Нашпигованная бензодиазепинами, Алена постоянно спала или находилась в полудреме. Улучшения аппетита не наблюдалось, хотя обычно подобный эффект присутствует. Она молчала, даже когда доктор пытался говорить с ней во время редких моментов пробуждения. Понять, насколько прочно забыла она прошлую жизнь, было невозможно. О том, как причудлива бывает человеческая психика, Виталий Юрьевич знал не понаслышке. Случалось, память возвращалась через месяцы или годы. Попадались больные, которые столь умело скрывали свои воспоминания, что лишь специальное обследование указывало на то, что кластеры памяти не пусты. Однако это не означало, что носитель информации готов поделиться ею.
Наука и личный опыт доказывали, что отнюдь не память, а воля является основной движущей силой личности. Если убить волю — не помогут ни воспоминания, ни заново сформированные прошлое и настоящее. Алена, впадая в дрему и безразличие, производила впечатление окончательно сломленного существа. Но иногда из-под ее век вырывался настоящий огонь, и тогда Виталию Юрьевичу становилось не по себе. Он невольно прижимал локтем полу пиджака, карман которого оттягивал тяжелый пистолет. Что, если у нее не реактивный психоз, а стандартная, эндогенная шизофрения? В медицинском учреждении есть санитары, специальные средства, тревожные кнопки, водометы. И все равно случаются жертвы среди персонала…
Еще не прошло и суток, как он остался один на один с Аленой Игоревной, а казалось — миновала целая вечность. Пустые комнаты дома-дворца, безлюдные аллеи сада-парка, высокие стены, бликующие тусклыми видоискателями… И неестественная, пугающая тишина, гулко реагирующая на звуки «оттуда», с моря, из-за ограды.
«Главное — не выпускать ее из виду и колоть новую порцию нитразепама, не дожидаясь окончания действия предыдущей», — убеждал себя Виталий Юрьевич, готовя очередной шприц.

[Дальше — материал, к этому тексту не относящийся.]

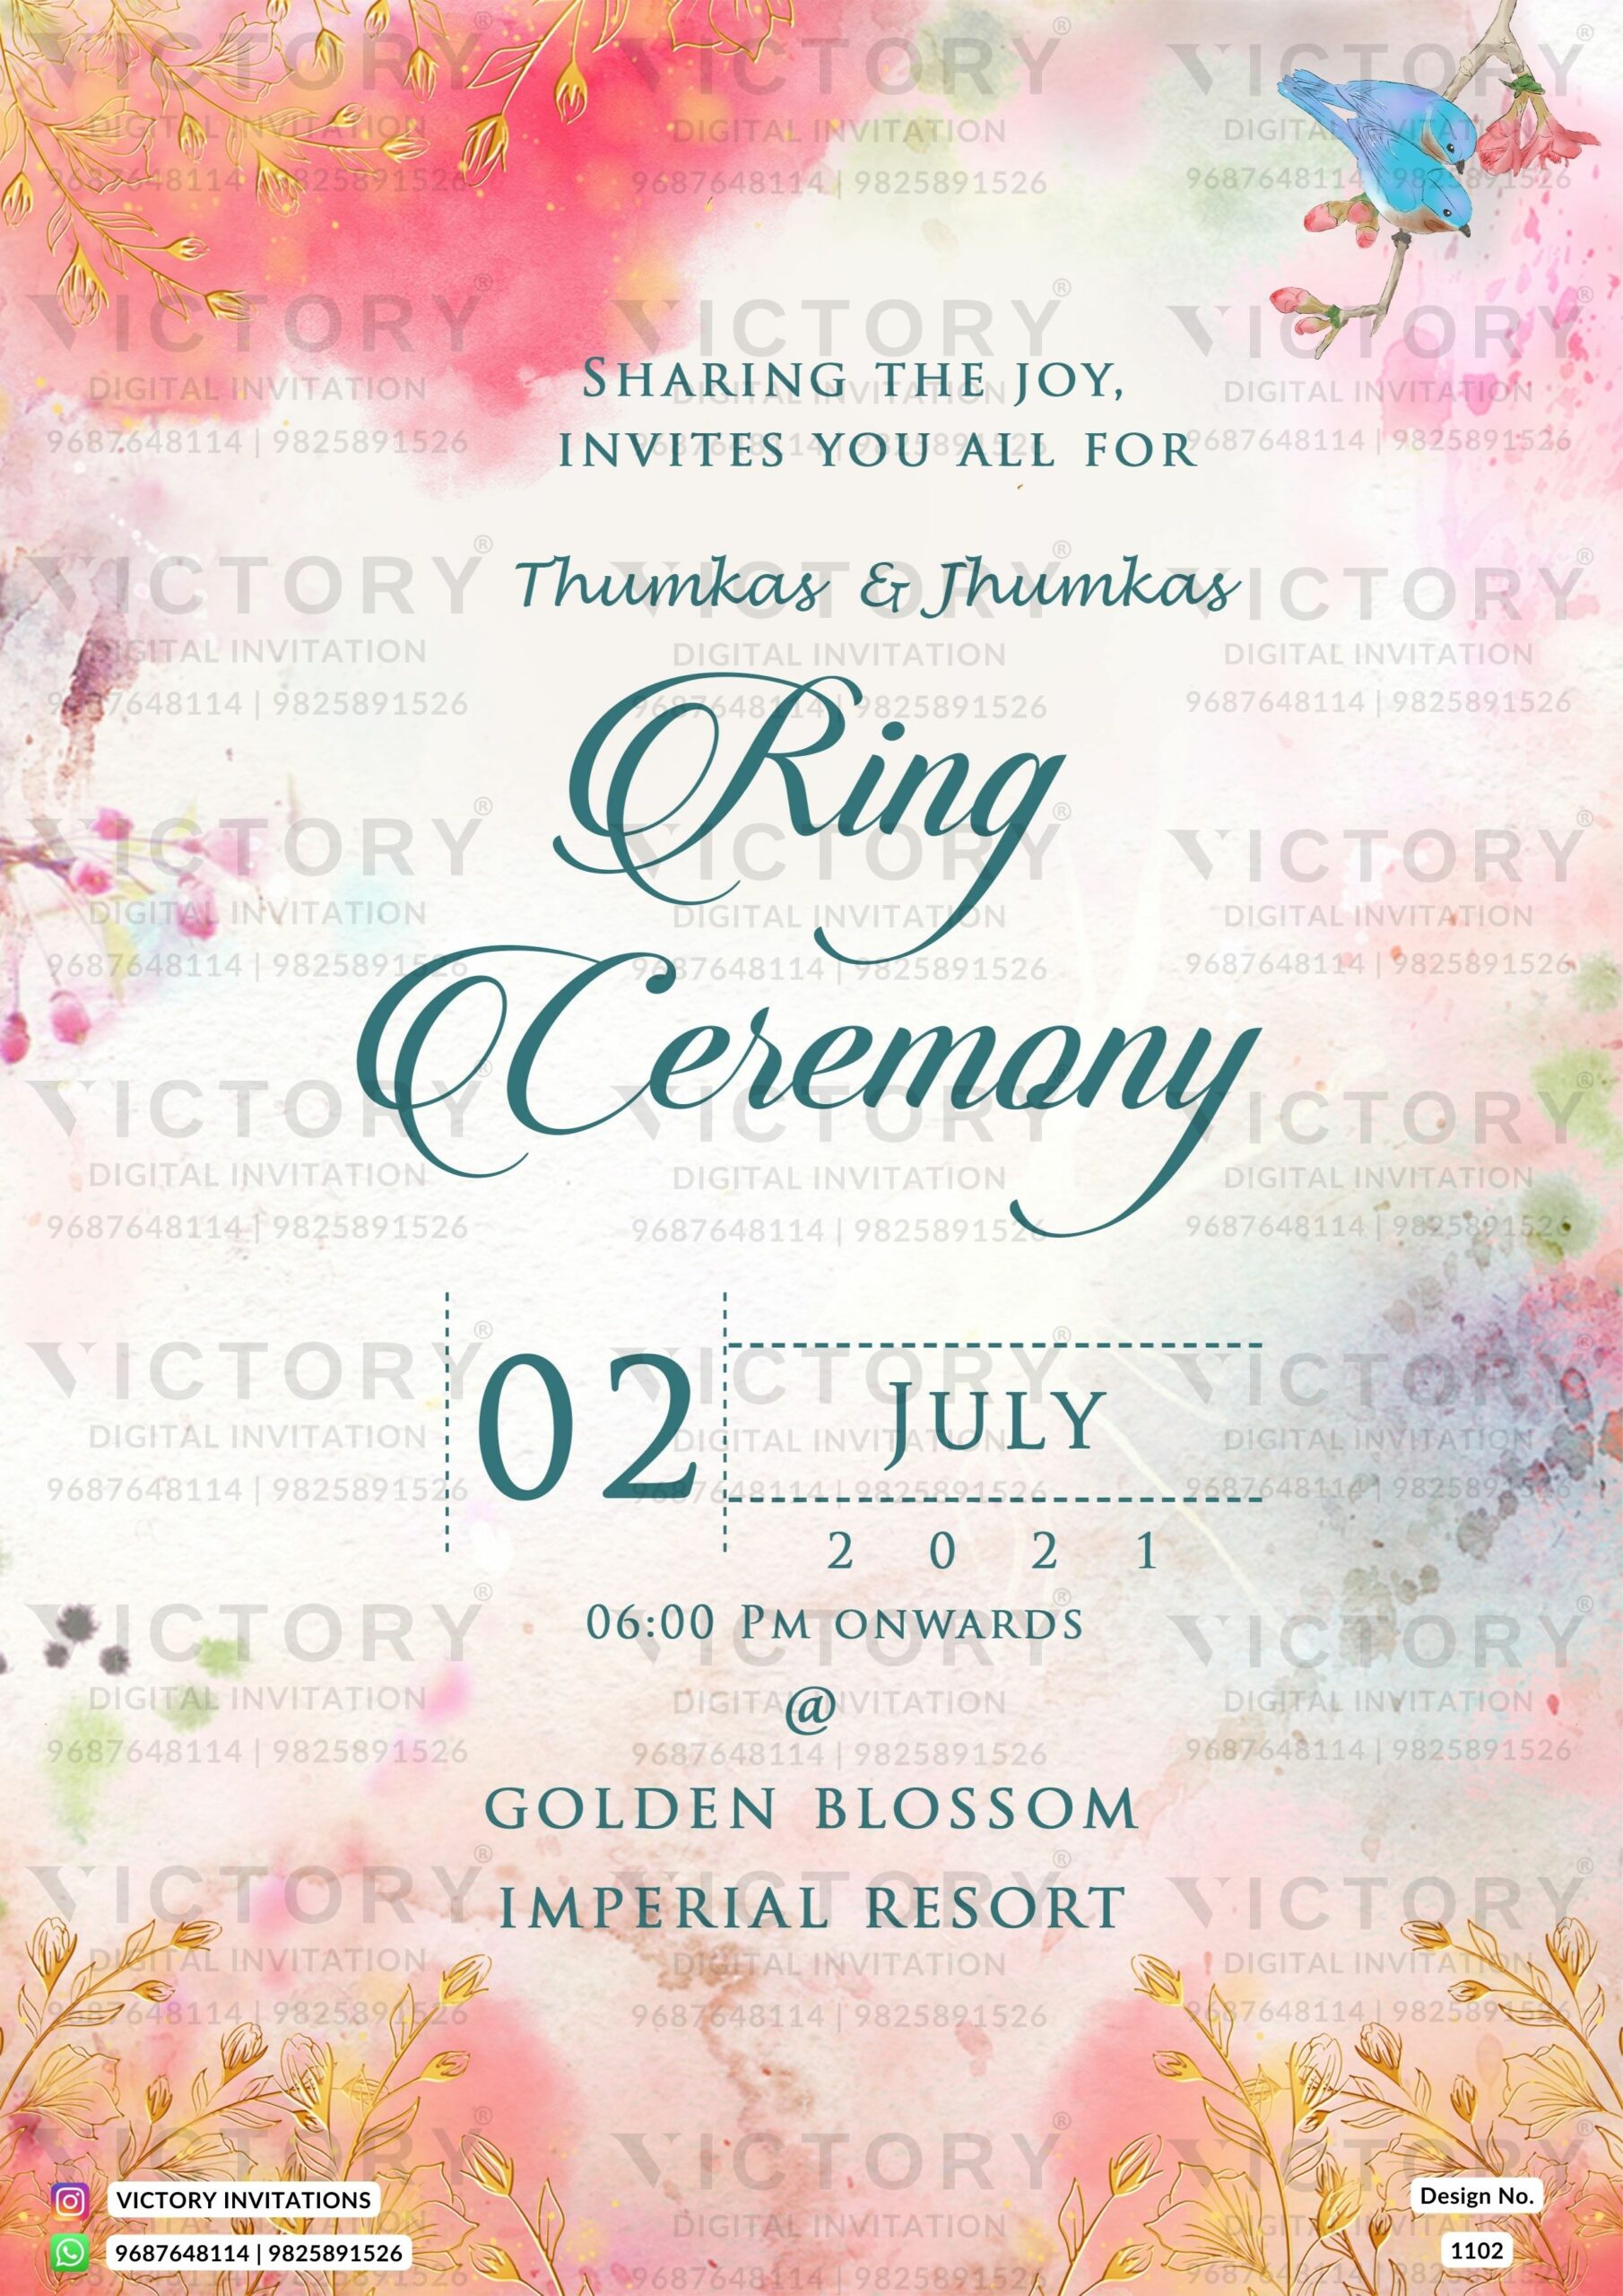 Engagement Ceremony Decor 2 at Rs 35500 | Engagement Ring Tray, Engagement  Ring Platter, रिंग सेरेमनी ट्रे - Party Craze, Patna | ID: 2852983233155
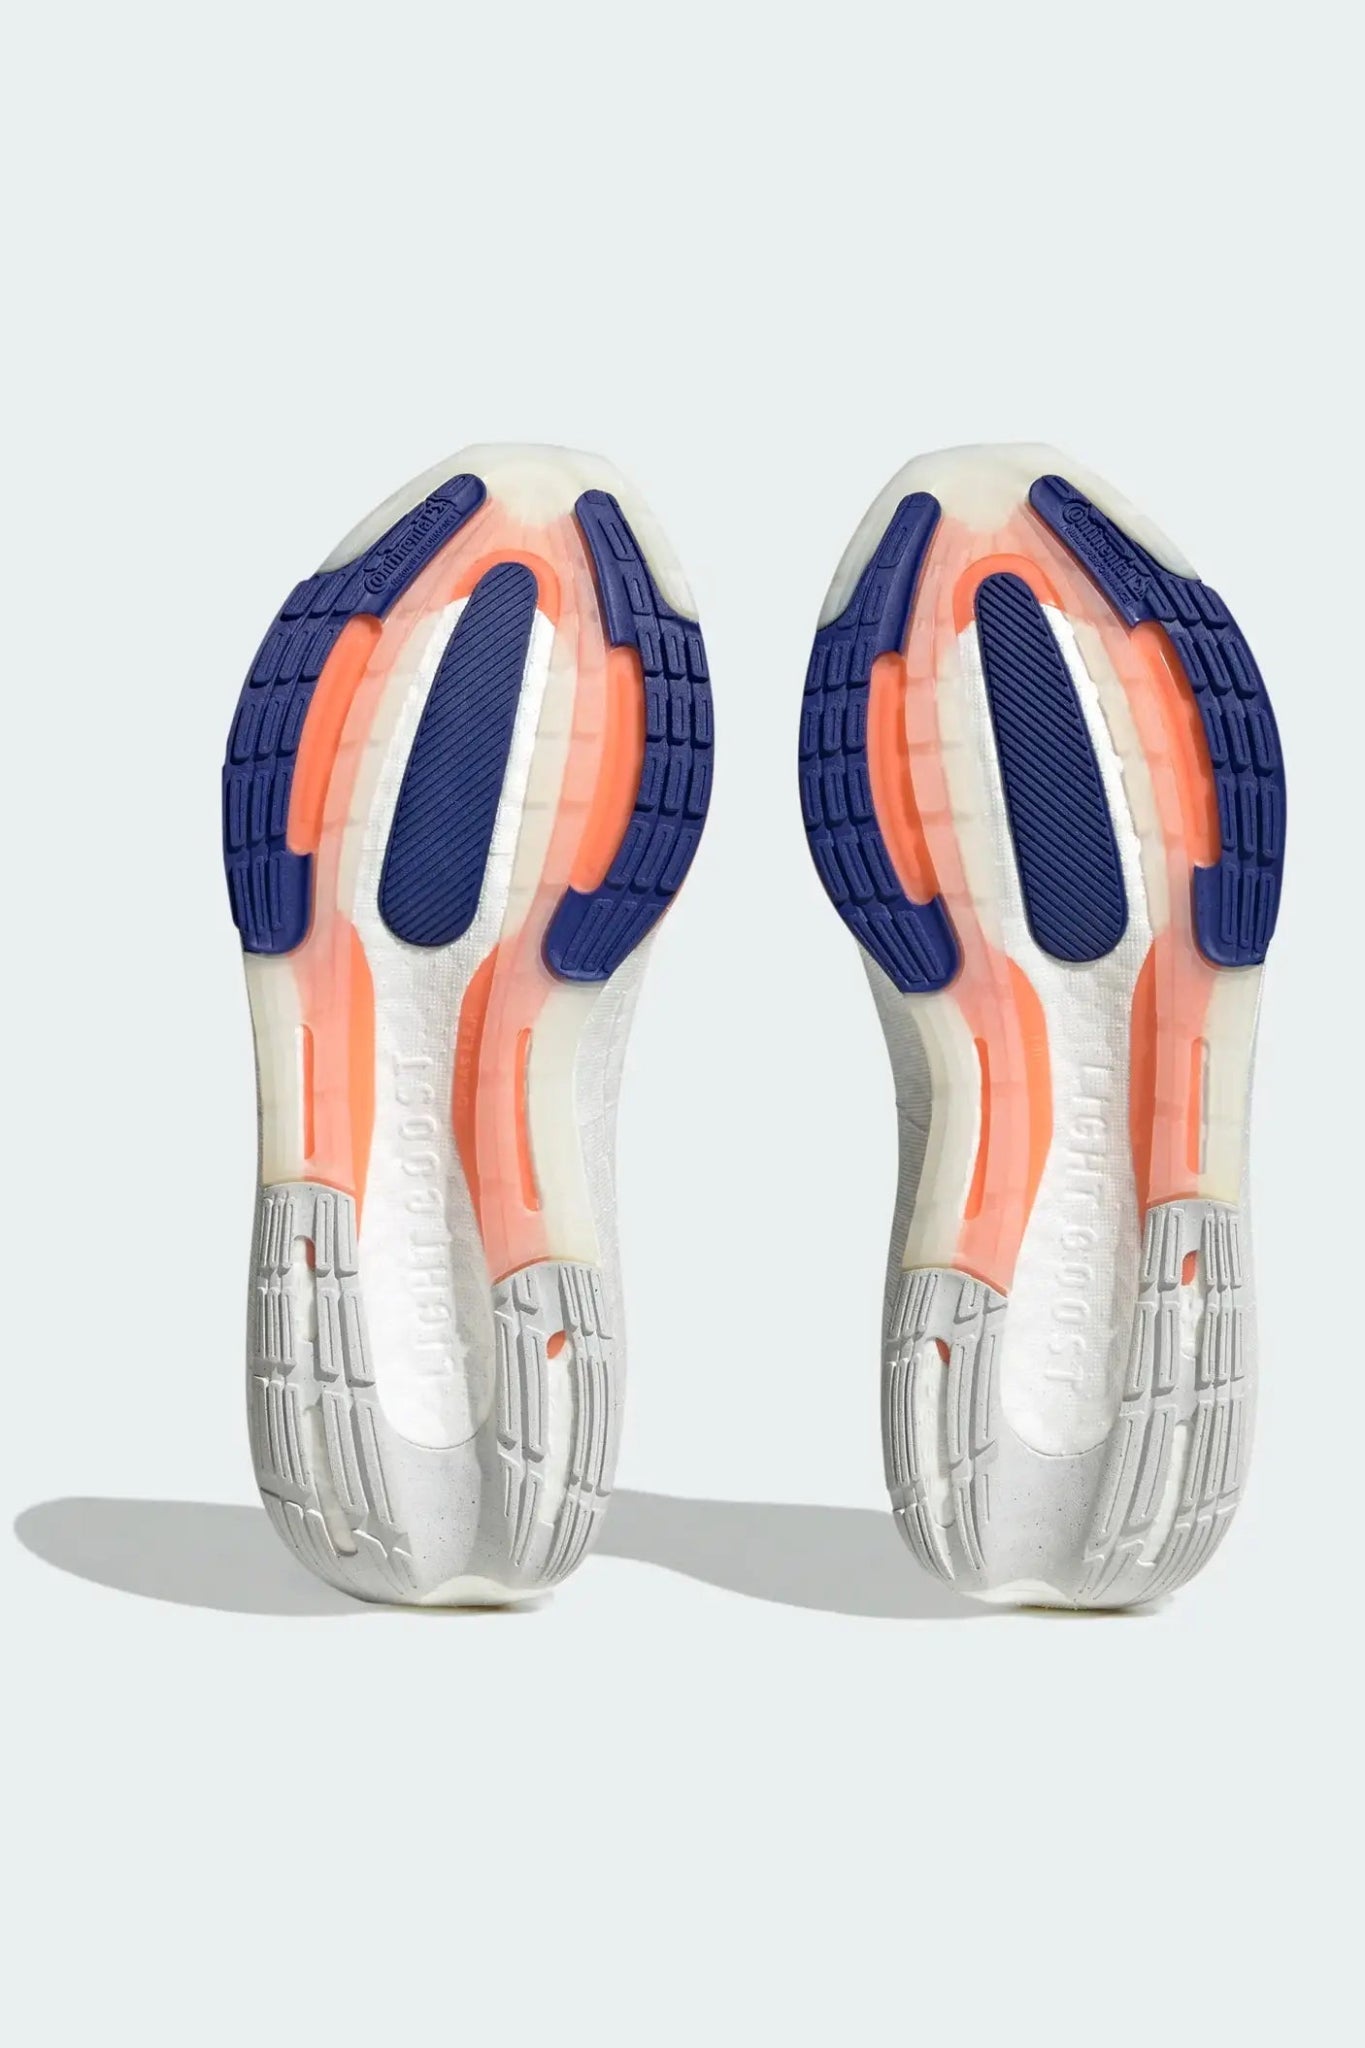 ADIDAS - נעלי ספורט לגבר ULTRABOOST LIGHT בצבע כחול - MASHBIR//365

Светлана позвонила в семь утра, когда хирург с ассистенткой еще спали. Она коротко сообщила, что будет не позже девяти, и оборвала разговор, не дожидаясь ответа или комментариев. Марина вскочила с постели и сразу отправилась в «звериную палату». Там в высоком плетеном вольере приходил в себя Енот. Он был вялым и ослабленным, но сумел сходить в туалет на кучу опилок. Это было добрым знаком. Марина попоила животное, дала разведенной в воде смеси для грудных — идеальная звериная пища в послеоперационный период. Потом укол снотворного, обработка швов и снова в вольер на чистую подстилку. Грязные опилки во двор, за забор, чистые — в угол.
«Вы мне слишком мало платите, Светланочка. Я и младший хирург, и медсестра, и скотница, и управляющая имением, — мысленно беседовала она с хозяйкой. — Еще и за доктором приглядываю, в постели развлекаю, от глупостей оберегаю… Так что не он, а я реализую ваш странный проект. Без меня все бы давно рухнуло, а вами, извините, занялись бы соответствующие органы…» Девушка не заметила, что предъявляет свои претензии не «про себя», а вполголоса.
— Сама с собой разговариваешь, медсестра Левко, — отозвался Кирилл, — речь репетируешь?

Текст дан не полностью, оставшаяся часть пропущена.